Segment Start: Recorded information

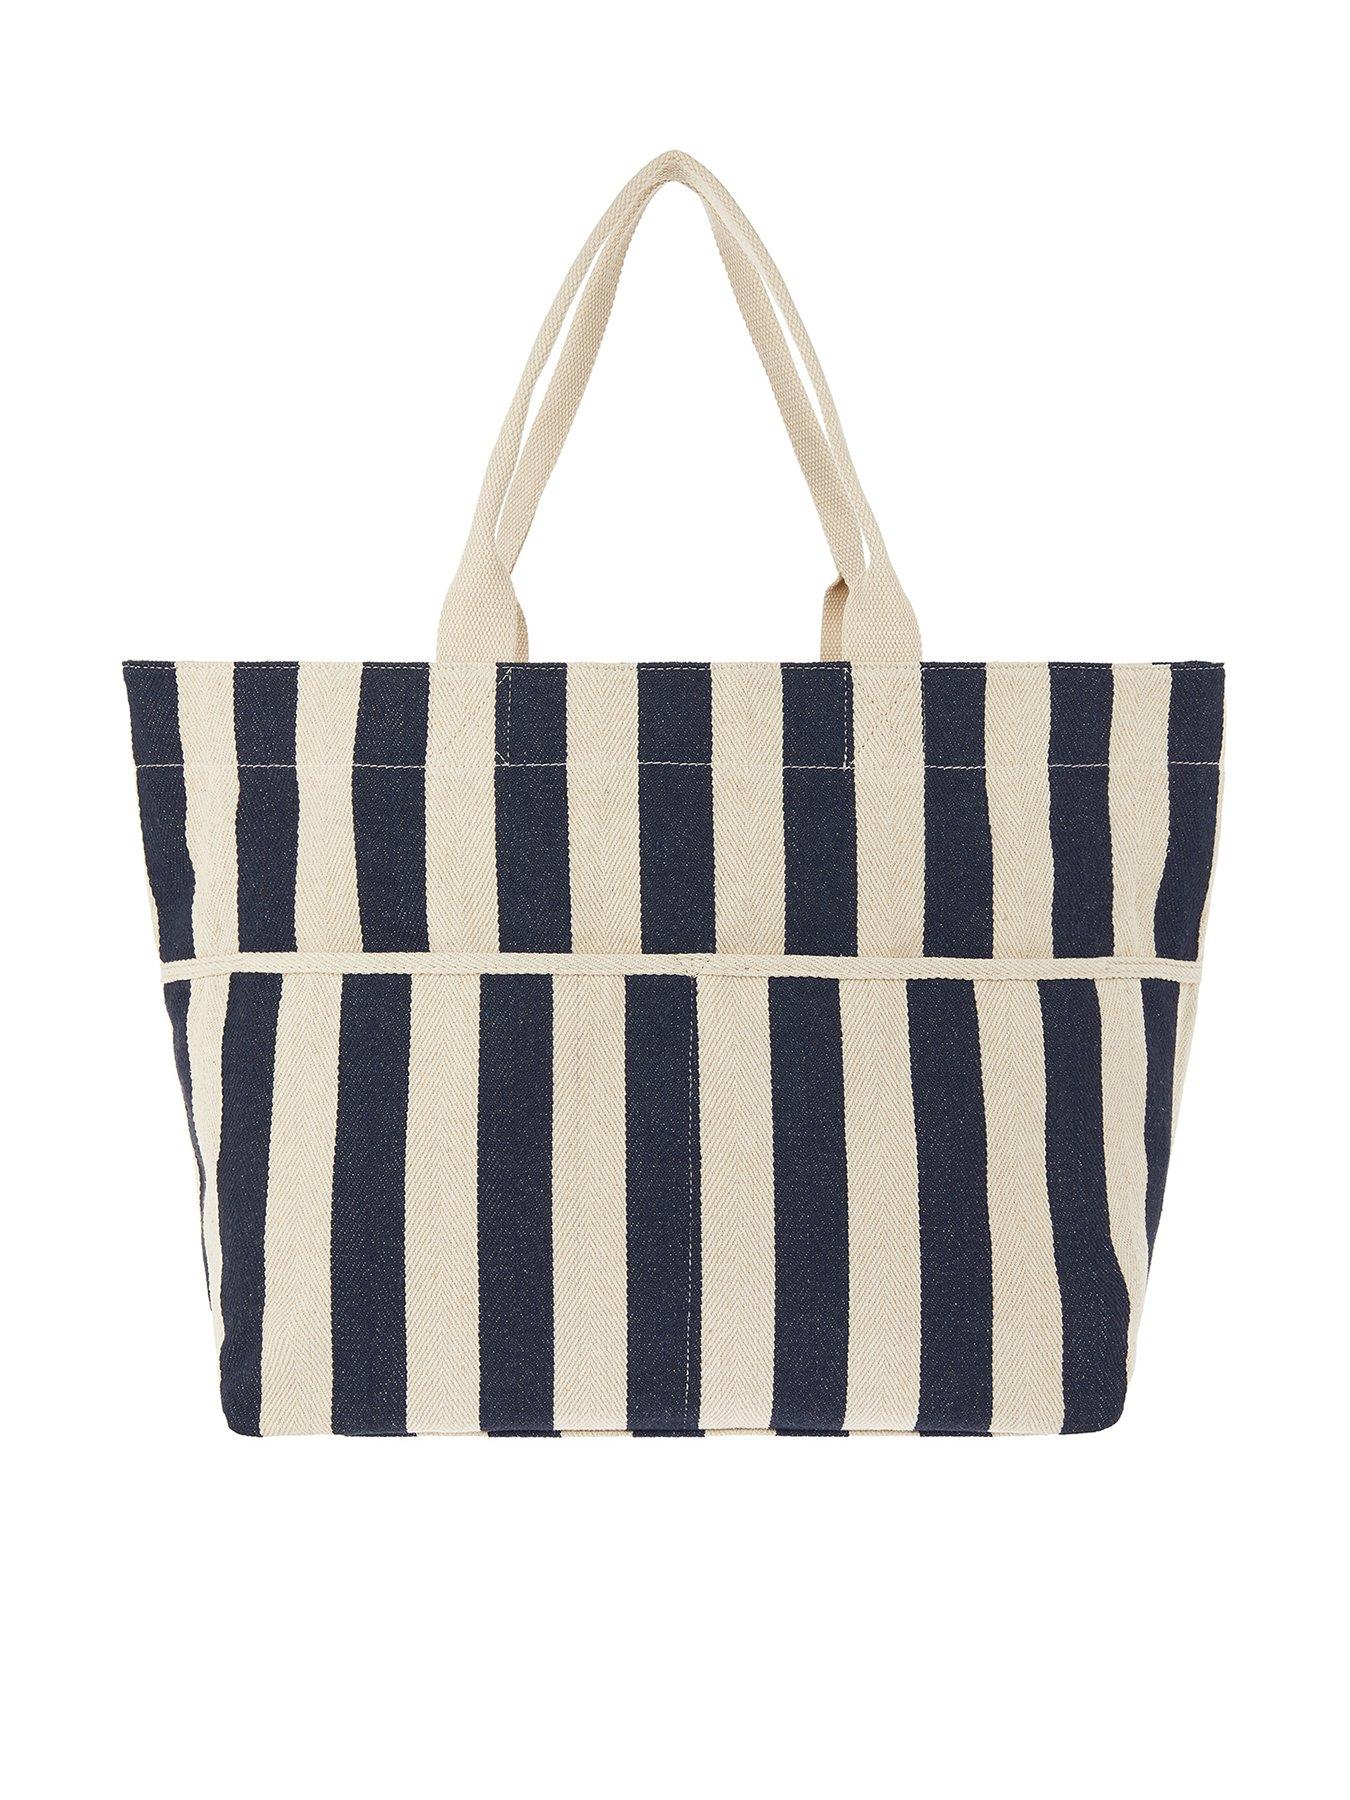 Accessorize + Woven Stripe Tote Bag – Navy
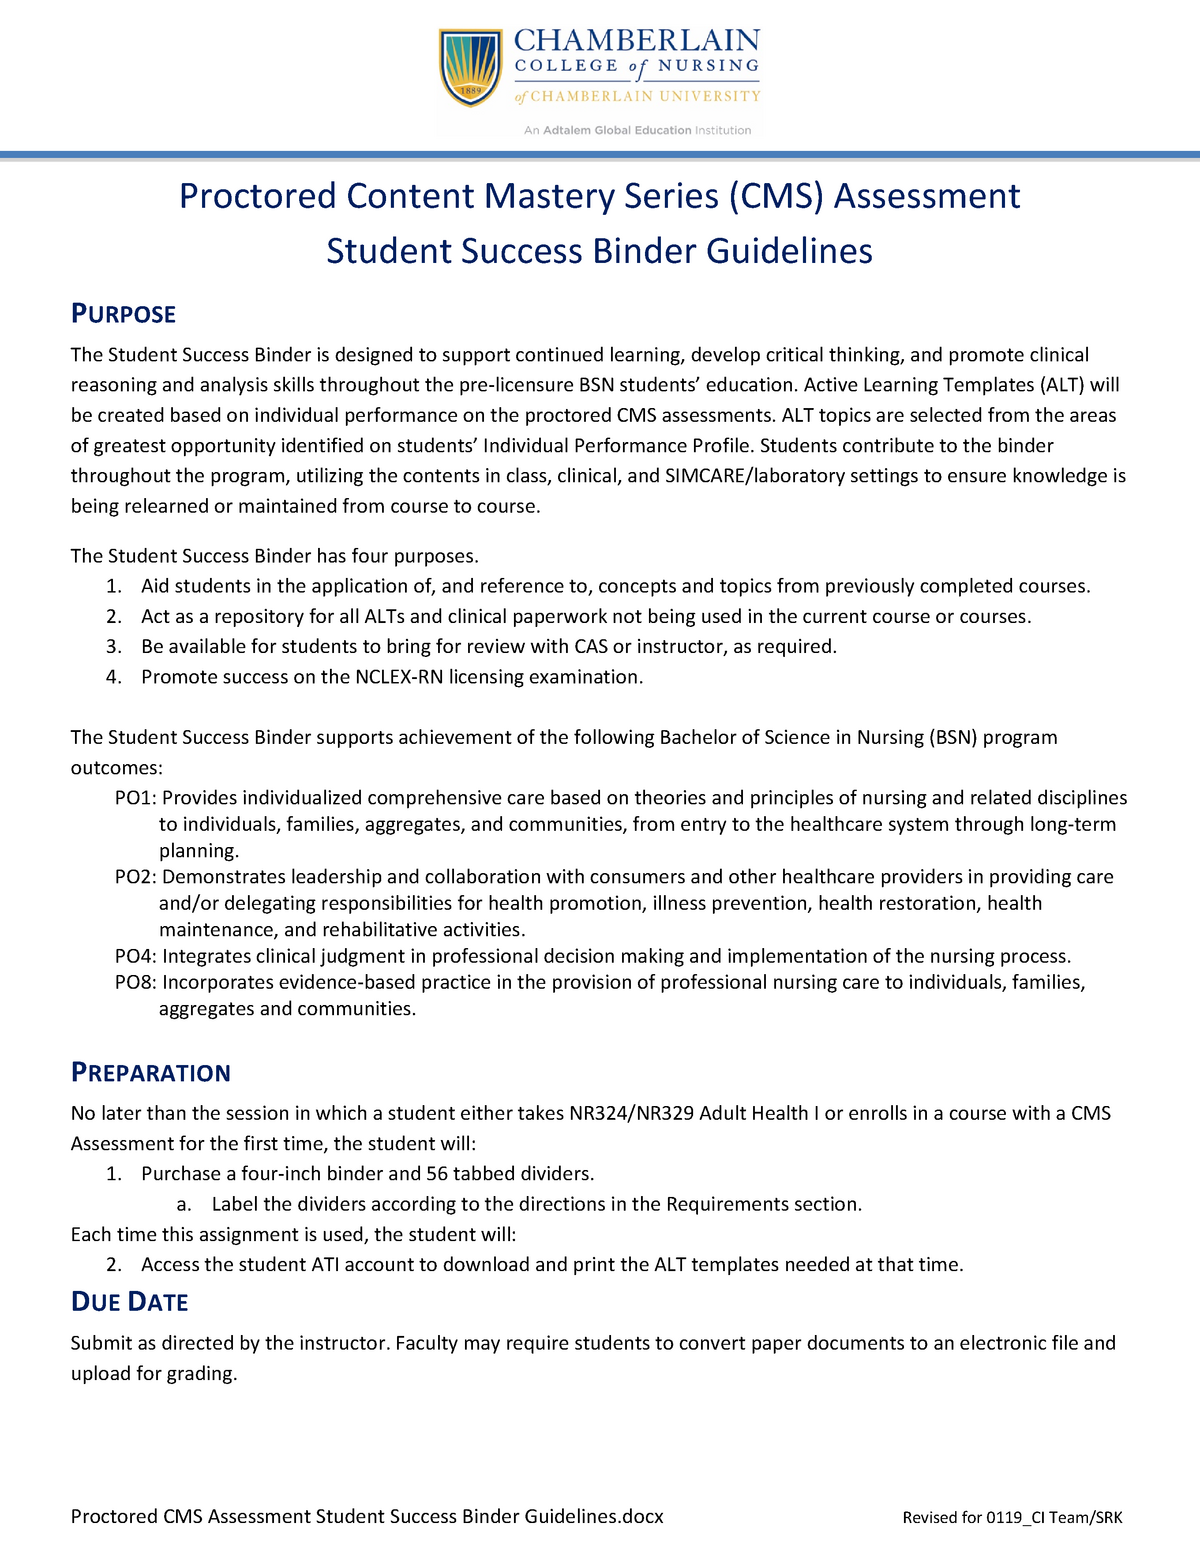 Final Proctored CMS Assessment Remediation Student Success Binder
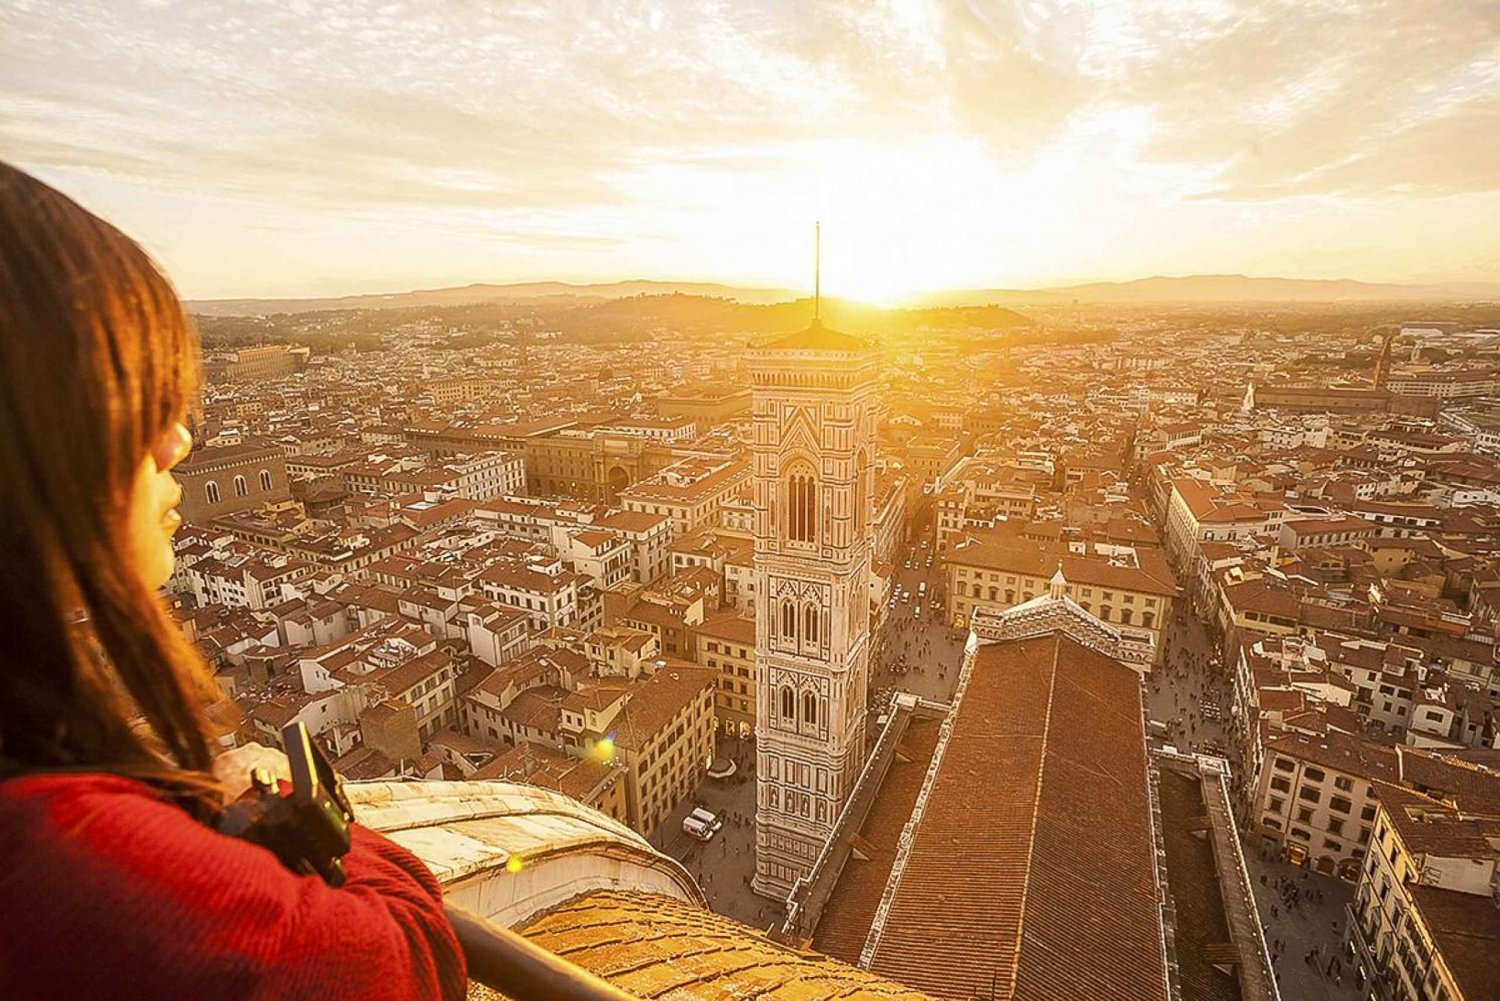 Firenze: Tour guidato della cattedrale, del battistero e del museo del Duomo
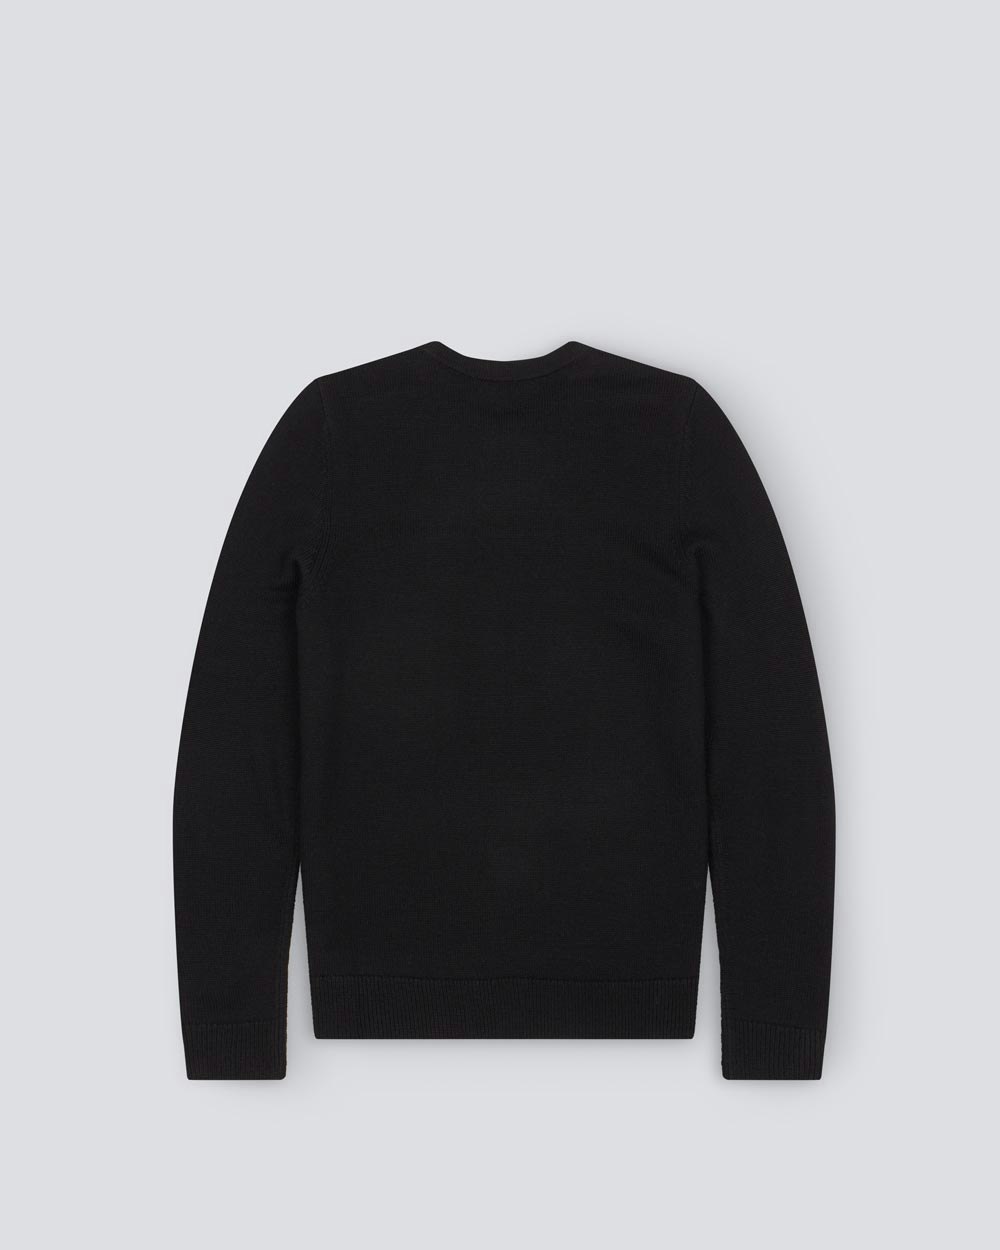 Aspen Sweater II

Segment End: Recorded information

§ What is needed: Except for the pictures, write the data out exactly.

§ Problem solution:
 Accessorize + Woven Stripe Tote Bag – Navy
 Final Proctored CMS Assessment Remediation Student Success Binder
 Firenze: Tour guidato della cattedrale, del battistero e del museo del Duomo
 Aspen Sweater II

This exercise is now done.